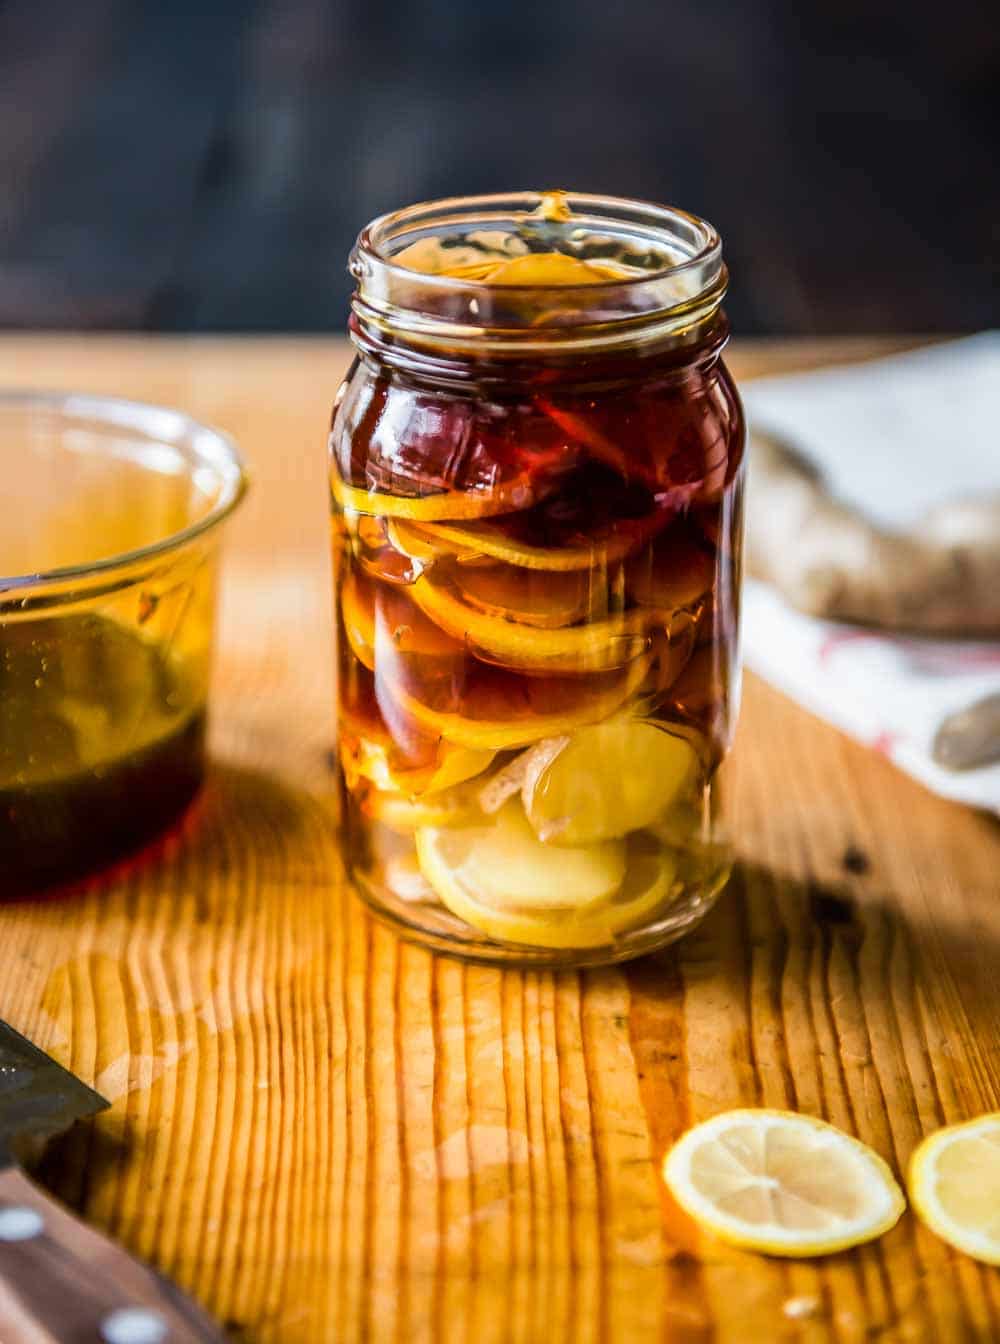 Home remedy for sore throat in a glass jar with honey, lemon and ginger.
==
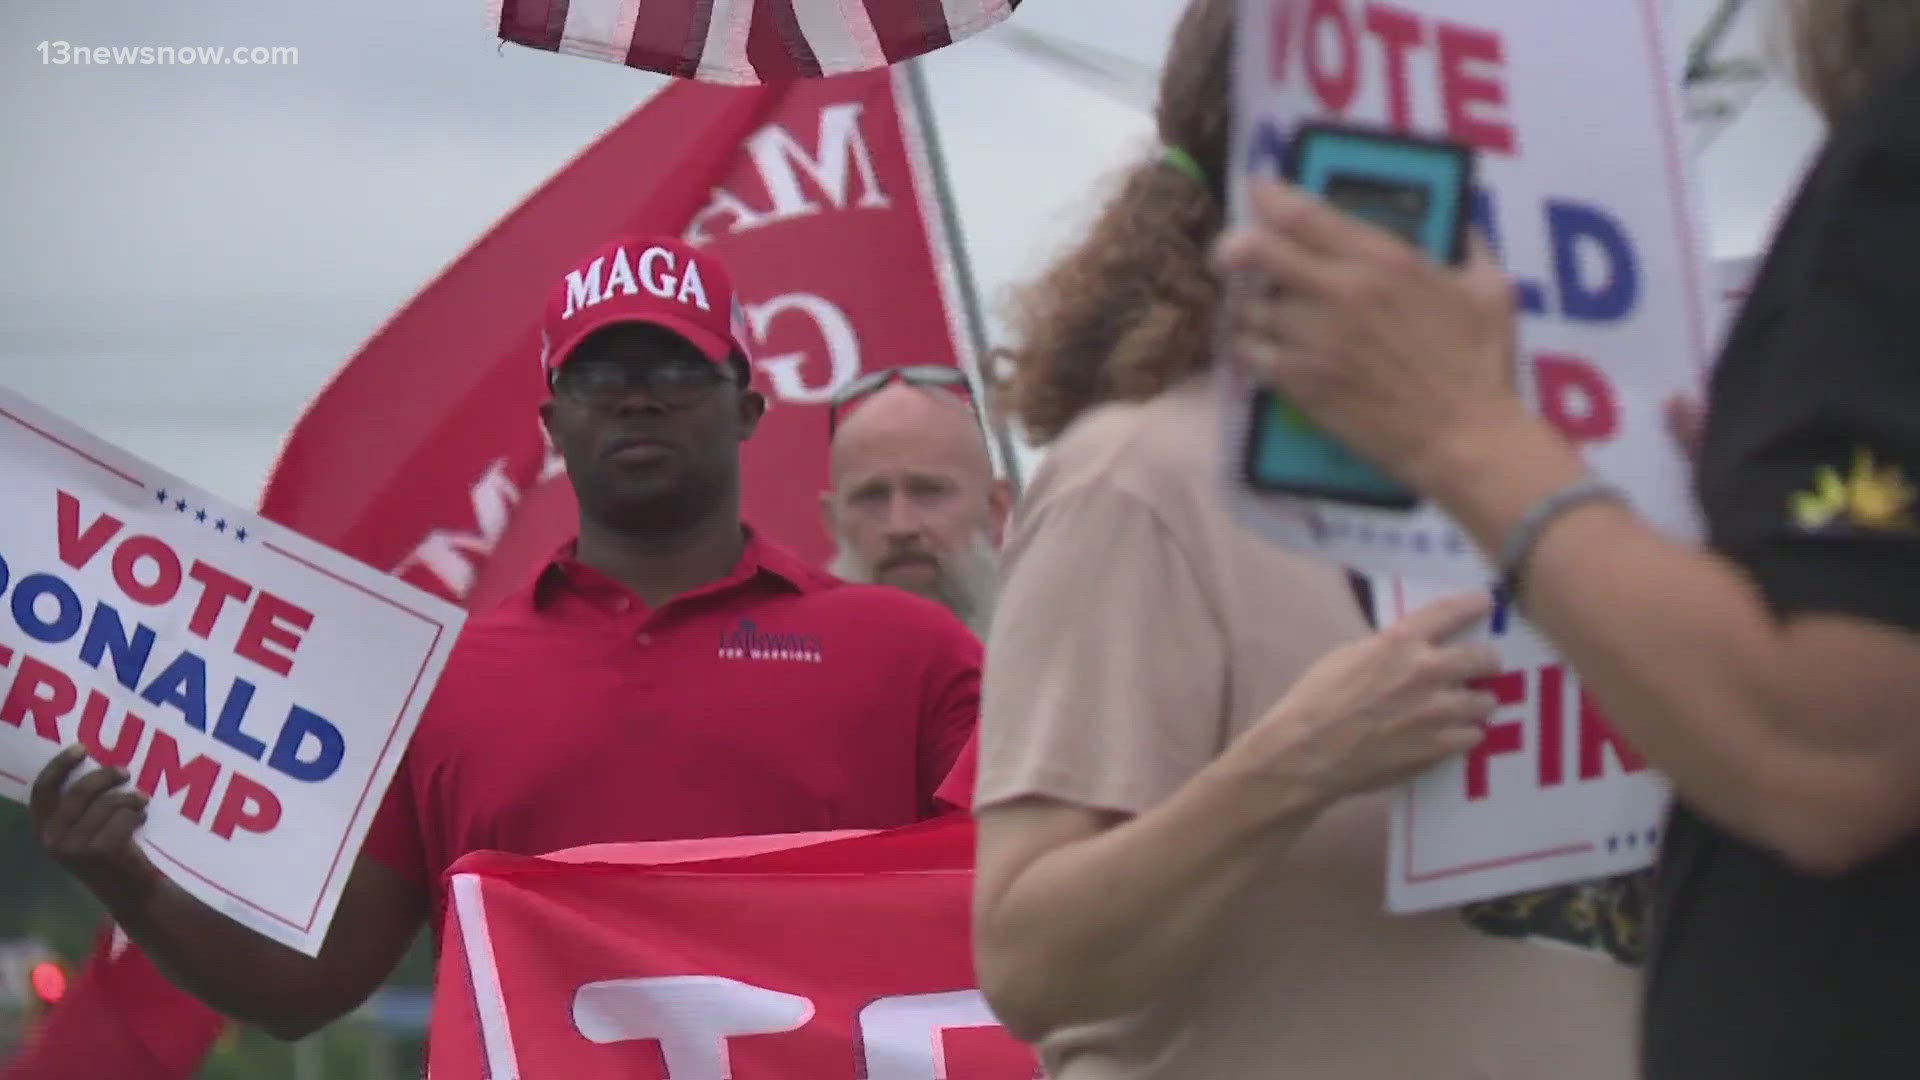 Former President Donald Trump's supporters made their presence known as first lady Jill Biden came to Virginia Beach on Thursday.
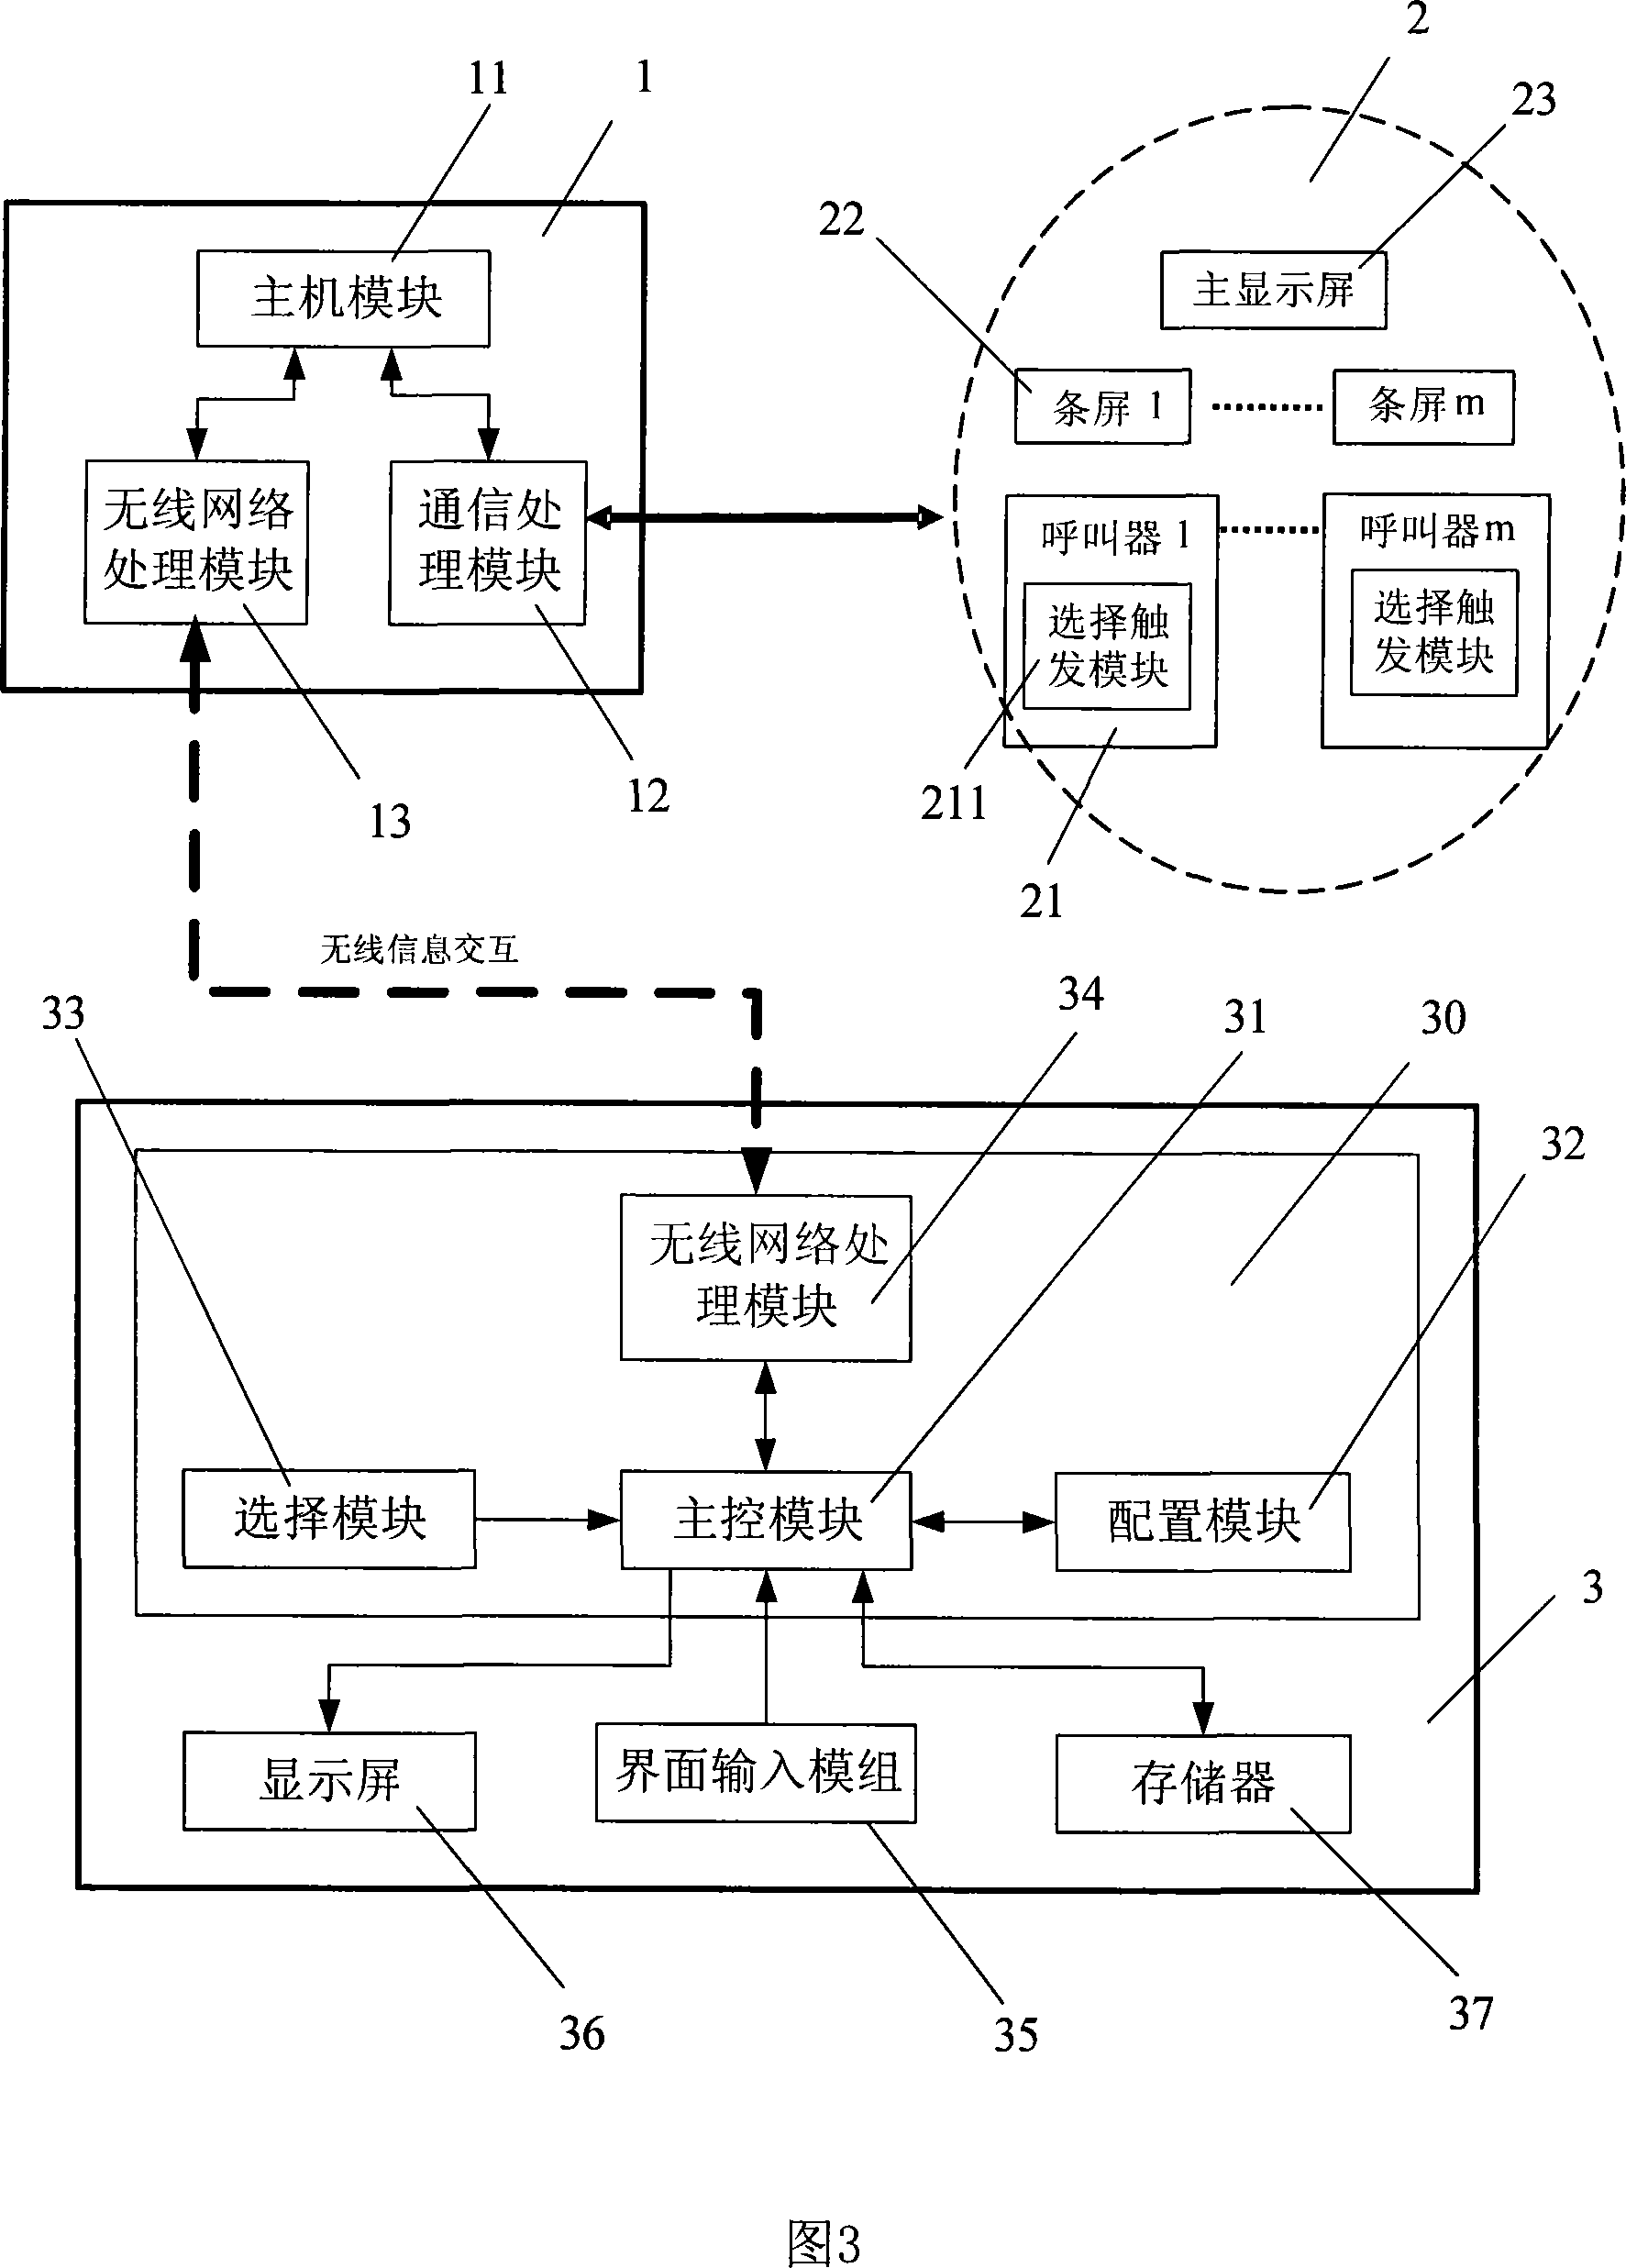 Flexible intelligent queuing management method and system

## Task prompt
Within the material above, only the stretch from the line holding "Former President Donald" through the line holding "Flexible intelligent queuing" is to be restated exactly. Pictures are dropped.

## Reply to the task
 Former President Donald Trump's supporters made their presence known as first lady Jill Biden came to Virginia Beach on Thursday.
 Flexible intelligent queuing management method and system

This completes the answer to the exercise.